### Exercise brief
All pictures are to be dropped, and everything else in the data duplicated exactly.

### Given information

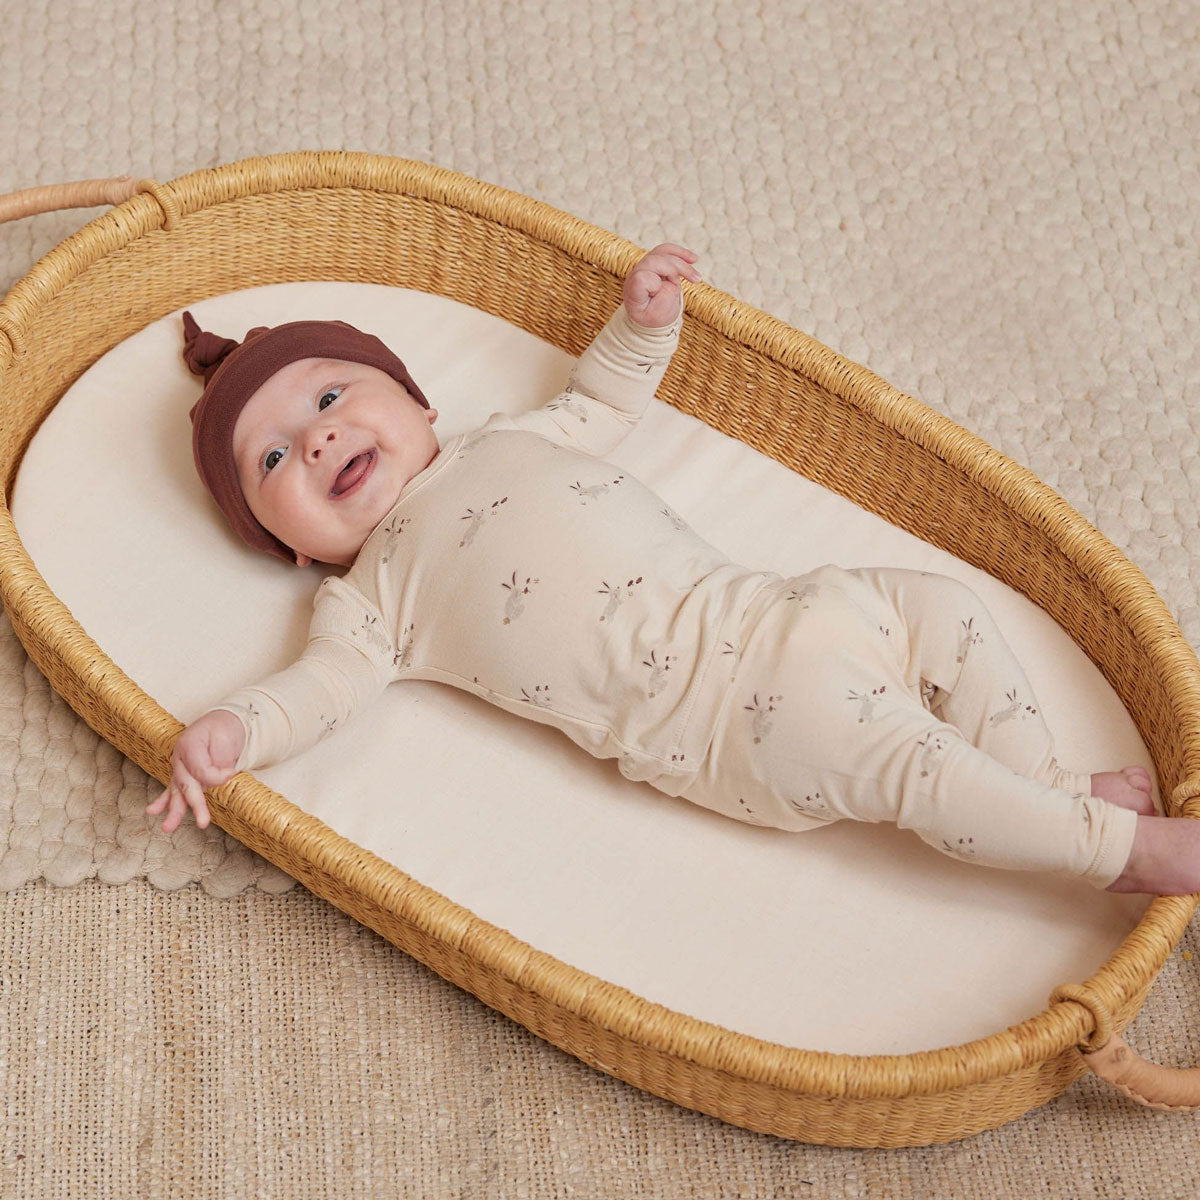 Baby wearing Quincy Mae Bamboo Pajama Set - Bunnies - Natural
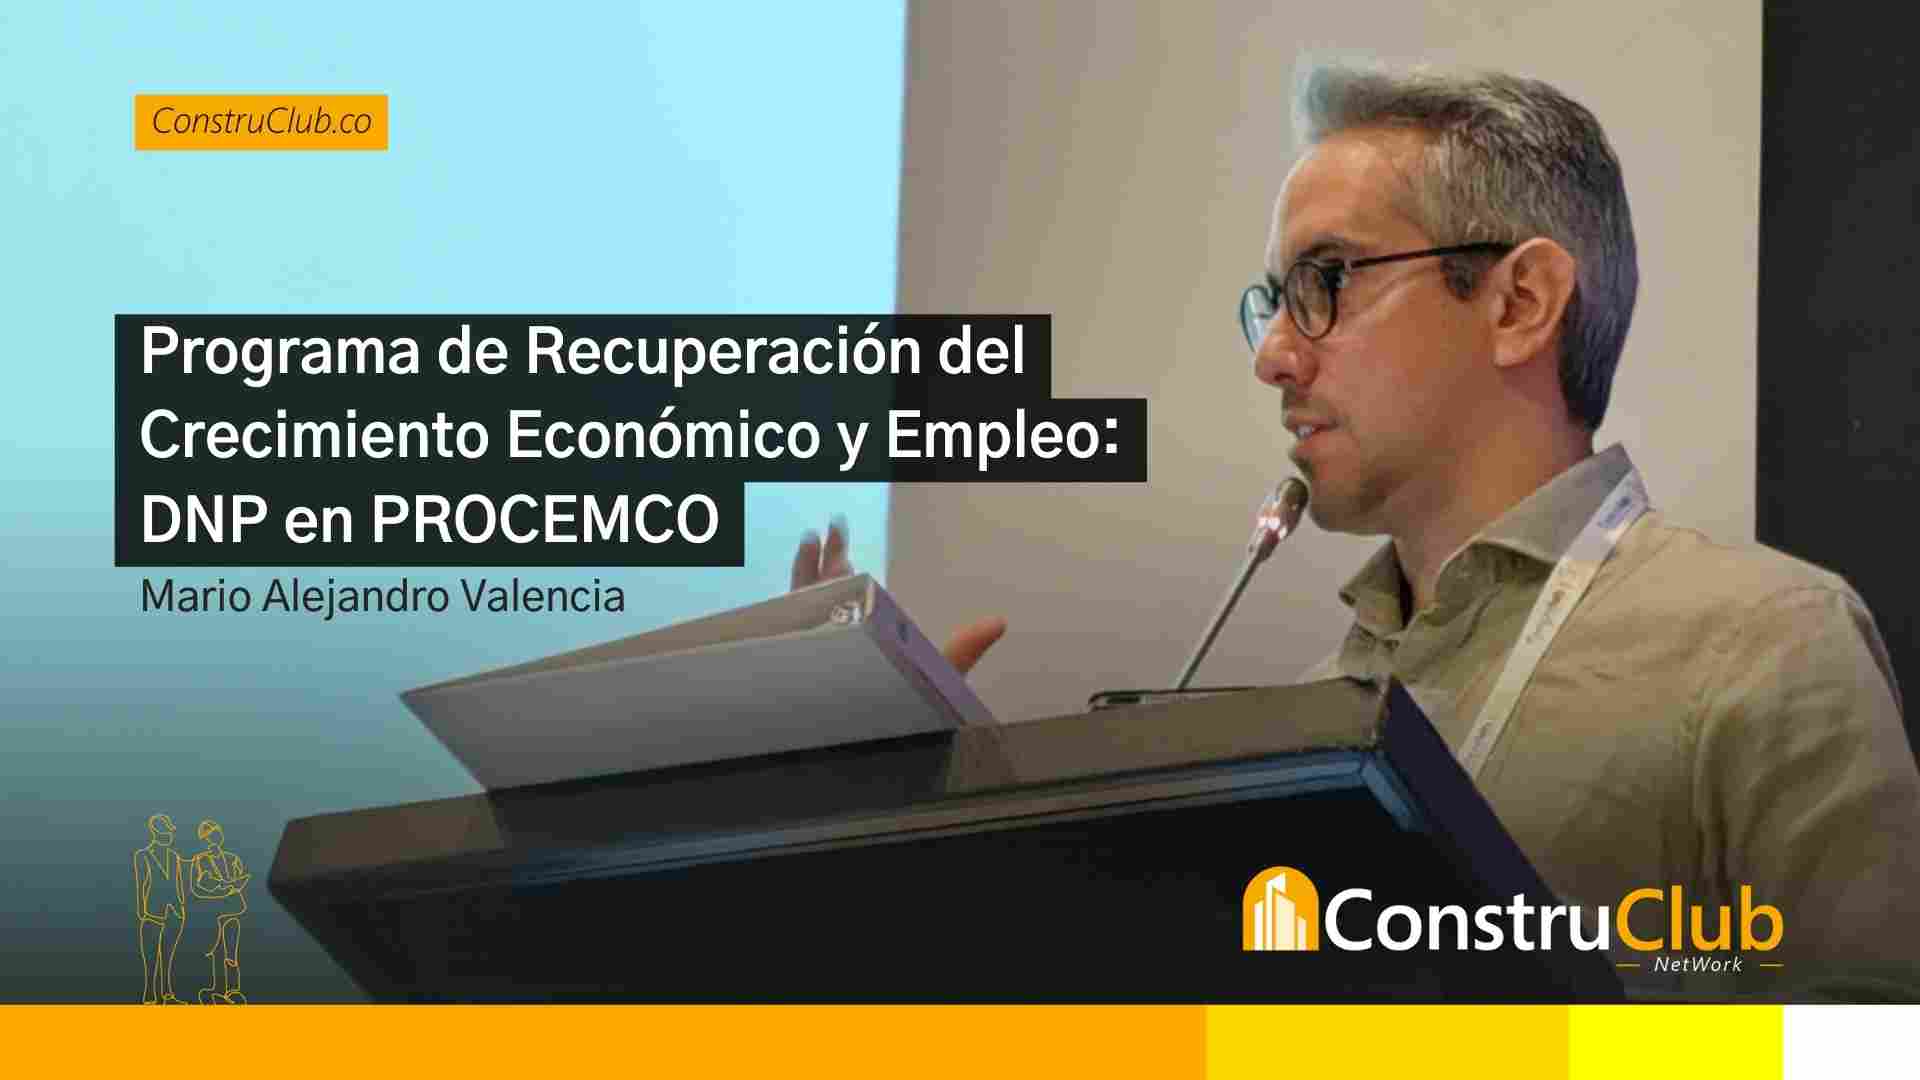 Programa de Recuperación del Crecimiento Económico y Empleo: La Charla de Mario Alejandro Valencia en PROCEMCO
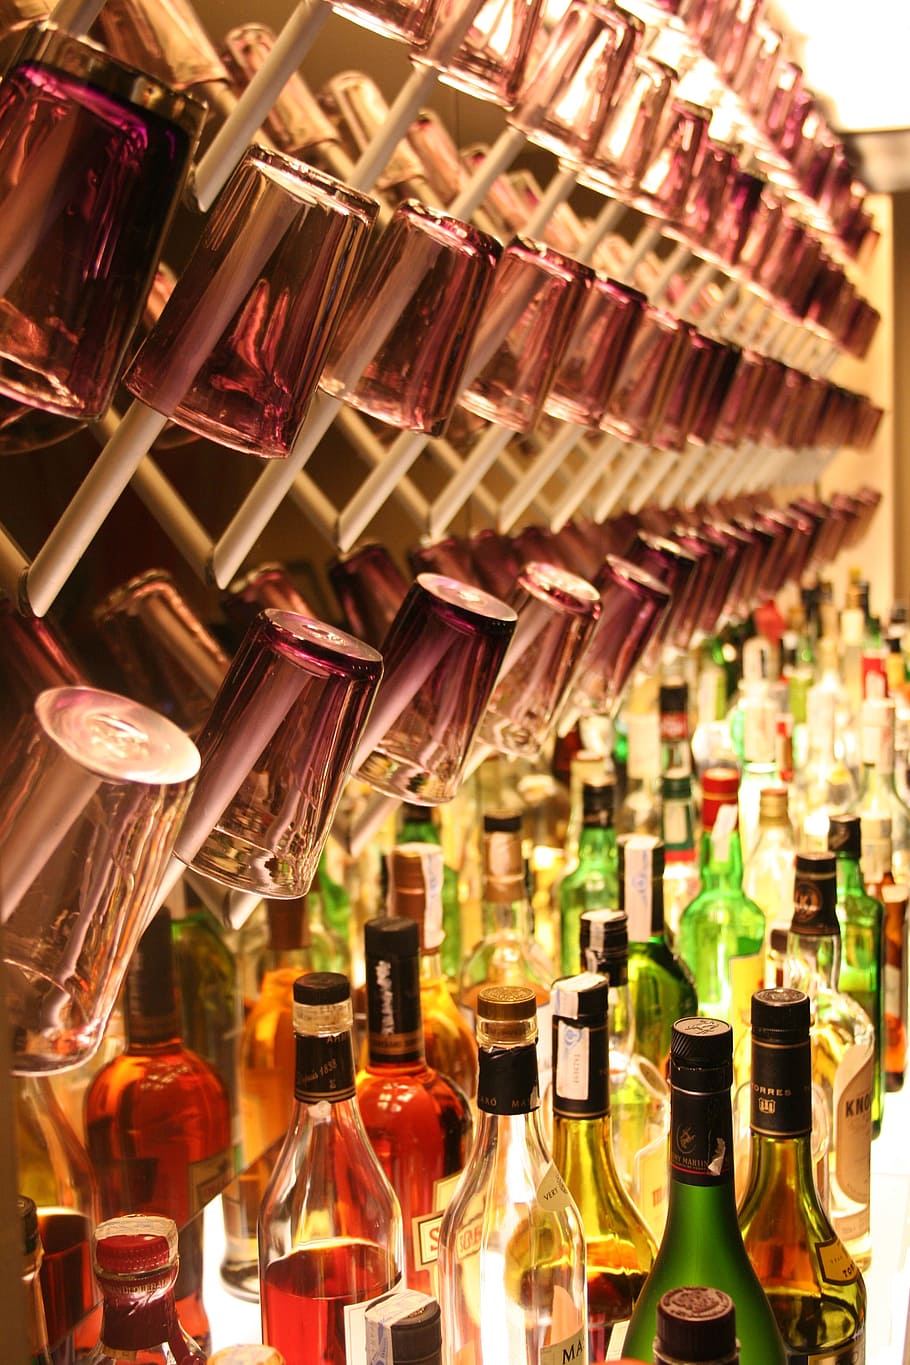 gelas minum, rak, botol anggur, meja, bar koktail, minuman, alkohol, gelas, botol, hotel

### Output
 Baby wearing Quincy Mae Bamboo Pajama Set - Bunnies - Natural
 Programa de Recuperación del Crecimiento Económico y Empleo: La Charla de Mario Alejandro Valencia en PROCEMCO
 gelas minum, rak, botol anggur, meja, bar koktail, minuman, alkohol, gelas, botol, hotel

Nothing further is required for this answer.